Param counts: non-relational 4 740, relational 6 348 (extra ≈ 1 600 in the message MLP).
Mean rollout velocity-MSE (RMSE in vel units, T=30 closed-loop steps, averaged over 50 evaluation sequences):
| K | non-relational | relational | rel / non-rel | Note |
|---|---|---|---|---|
| 4 (train) | 0.6425 | 0.5910 | 0.920 | rel wins |
| 3 (extrap) | 0.6430 | 0.5233 | 0.814 | rel wins (largest gap) |
| 5 (extrap) | 0.6591 | 0.6393 | 0.970 | rel wins |
| 6 (extrap) | 0.6796 | 0.6894 | 1.014 | non-rel wins (distribution shift dominates) |
Mean rollout position-MSE (RMSE in box units):
| K | non-relational | relational |
|---|---|---|
| 4 | 0.2036 | 0.1758 |
| 3 | 0.2052 | 0.1625 |
| 5 | 0.1976 | 0.1902 |
| 6 | 0.1987 | 0.2213 |
The relational model wins on every K it was trained on or near; it loses at K=6 where the rendered-density extrapolation is severe (6 disks of radius 0.11 in [0,1]² puts the packing fraction near 23%, well outside training). Across 3 seeds the K=3, 4, 5 wins are consistent (4/4 and 3/4 wins respectively); K=6 is mixed (2 of 3 seeds the non-relational wins).

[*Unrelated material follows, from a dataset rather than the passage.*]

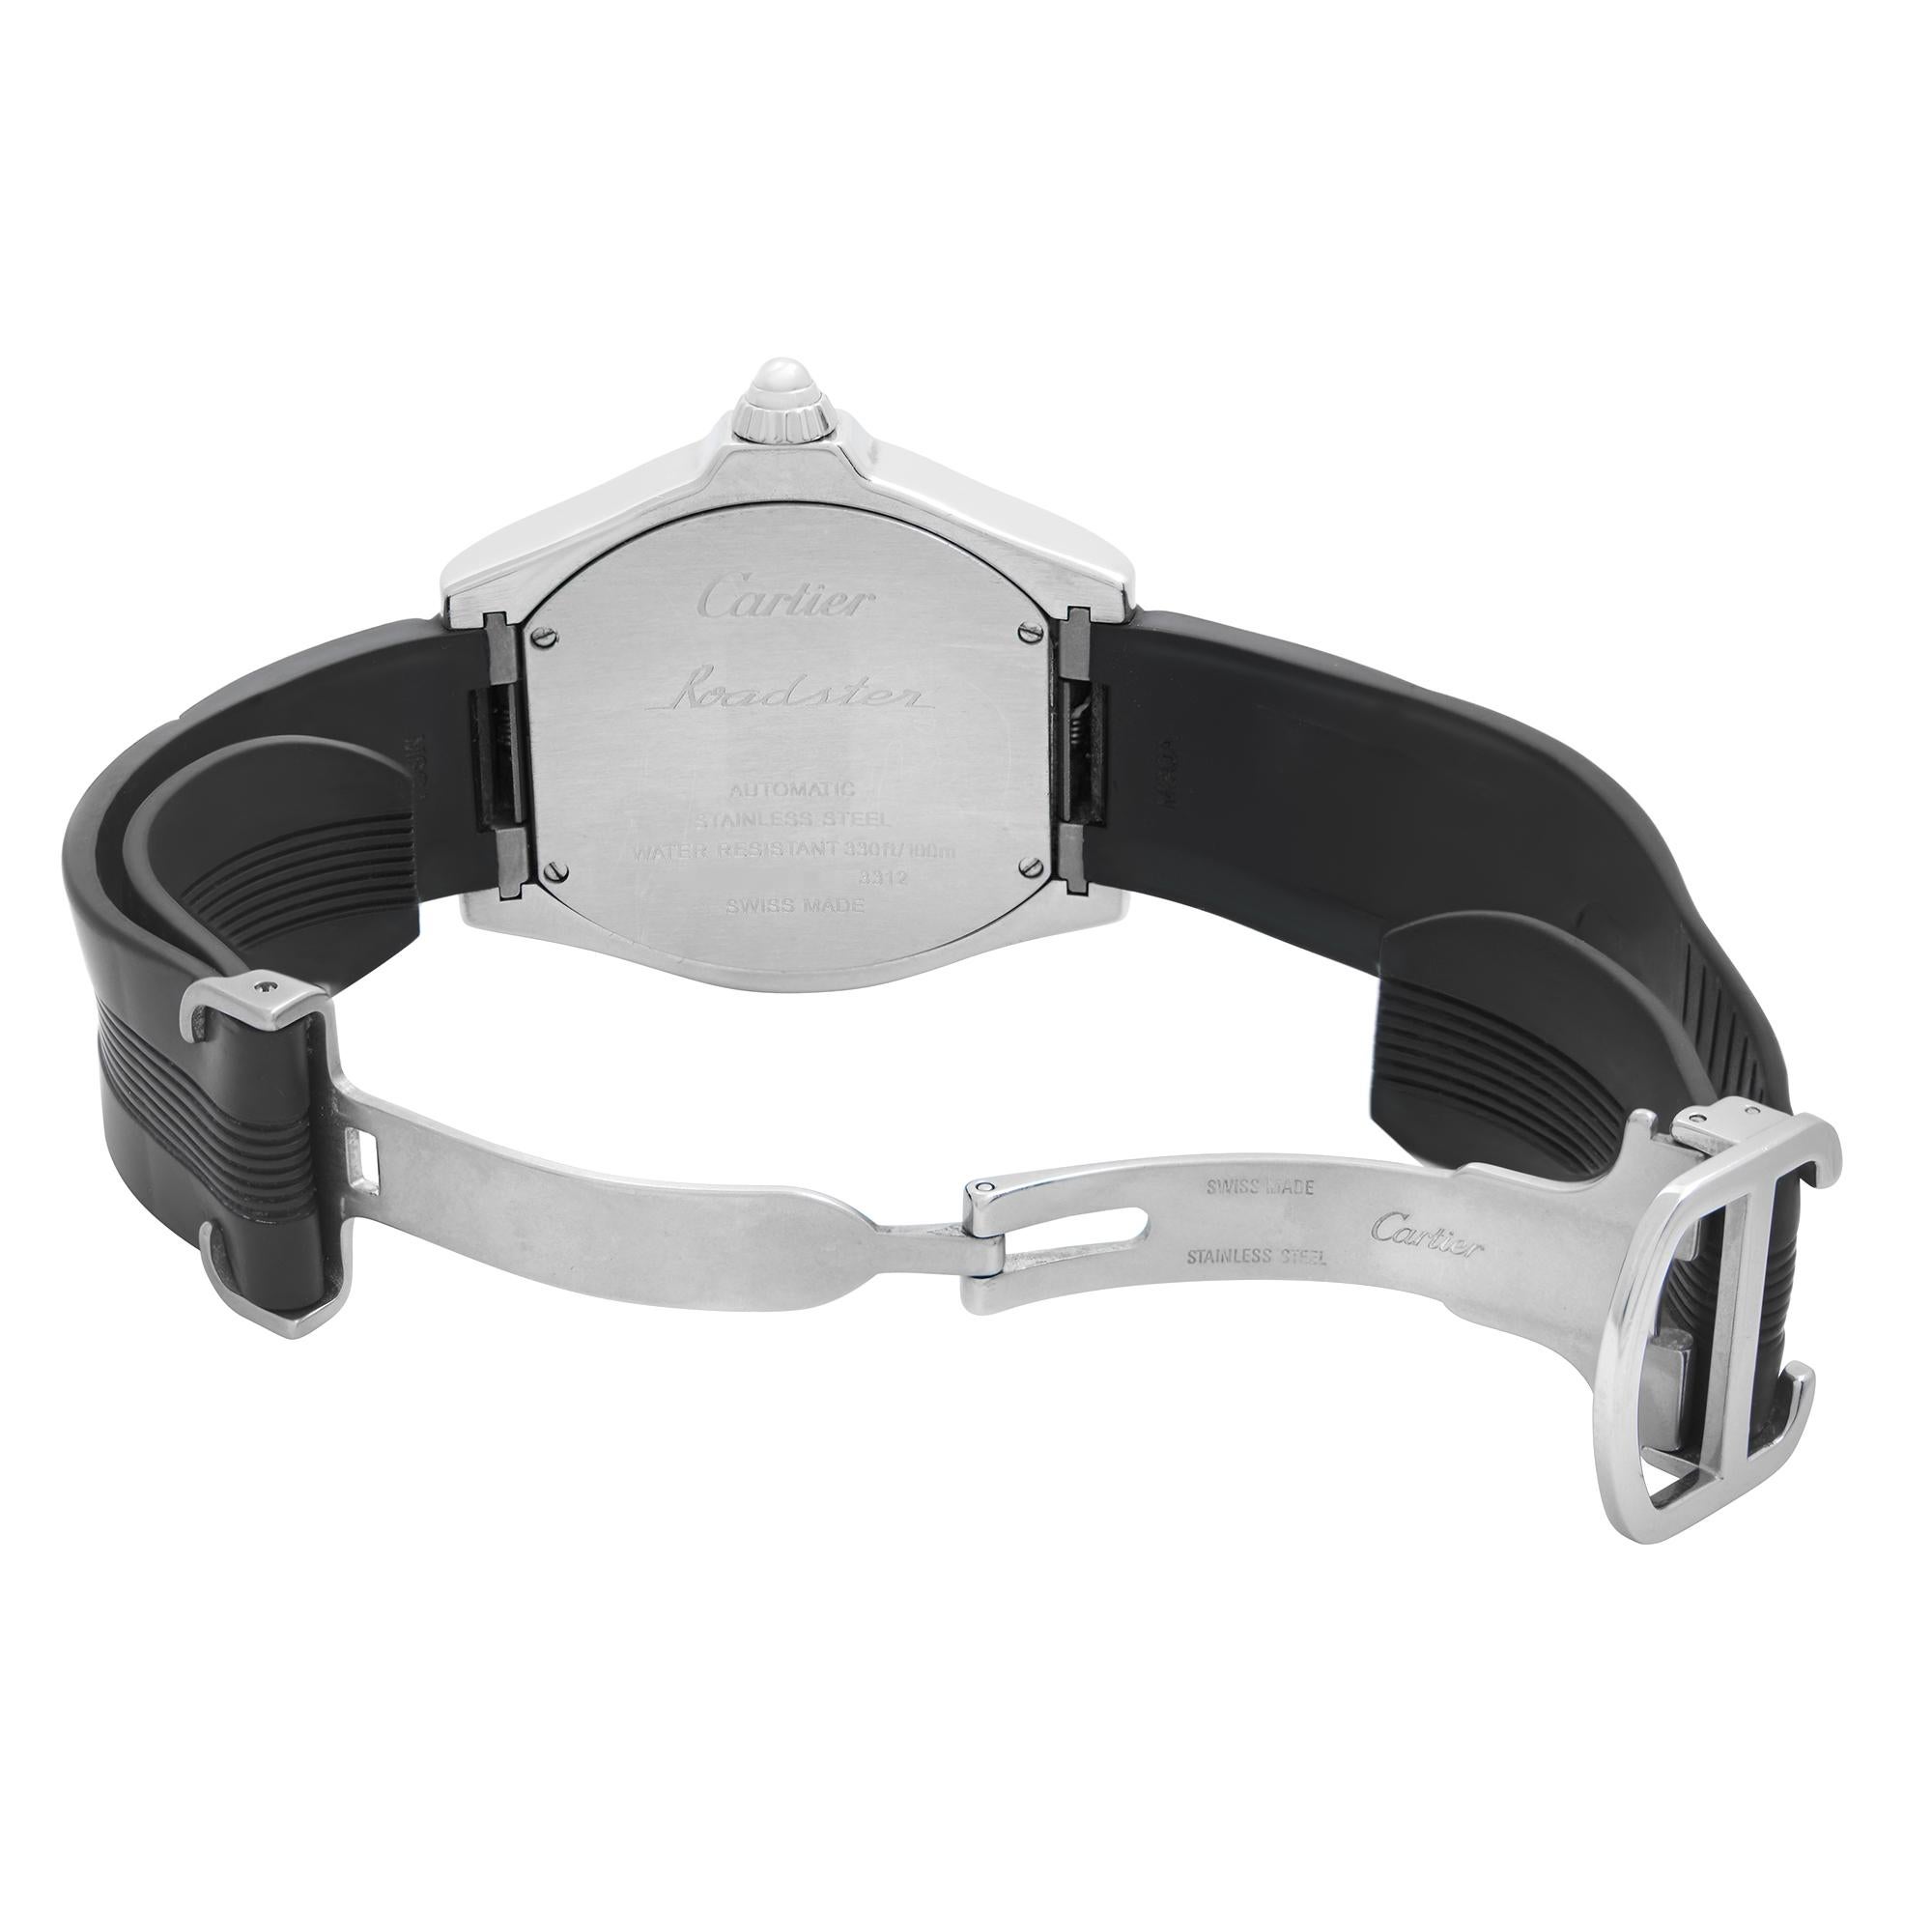 Cartier Roadster Tonneau Steel Silver Dial Automatic Men's Watch W6206018 2

Reproduces? Yes – the qualitative claim (relational beats non-relational on collision-heavy velocity prediction; extrapolation works to nearby K but not arbitrary K) matches the spirit of van Steenkiste et al. 2018. Absolute MSE numbers are not directly comparable: the original paper reports binary cross-entropy on rendered frames at much larger scale (50k iterations, T=20 frames at 64×64 resolution, 4-ball training, generalization to 6–8); we report state-space MSE on a 4-D oracle slot state to keep the budget tractable on a laptop.
Visualizations
All static figures written to viz/:
viz/training_curves.png– train BPTT loss, val 1-step MSE, val t_bptt-step MSE for both models. Both converge; relational is slightly noisier (more parameters) and final 4-step val MSE is essentially tied.viz/rollout_errors.png– per-step closed-loop position and velocity RMSE for K = train, K = each extrapolation. Position curves are nearly overlapping, velocity curves separate clearly in favour of relational on K ≤ 5.viz/extrapolation_summary.png– bar chart with rel/non-rel ratio annotated above each pair of bars, separately for velocity and position MSE.viz/sample_trajectories.png– three eval sequences plotted as 2-D position trajectories: ground truth (black), non-relational rollout (red), relational rollout (green). The relational rollout tracks ground-truth bounces visibly better when balls cross paths.viz/rendered_frames.png– 3 × 4 grid of rendered frames at t = 0, T/3, 2T/3, T-1 for ground truth (Greys), non-relational rollout (Reds), and relational rollout (Greens).relational_nem_bouncing_balls.gif– the headline 3-panel side-by-side animation (also embedded above).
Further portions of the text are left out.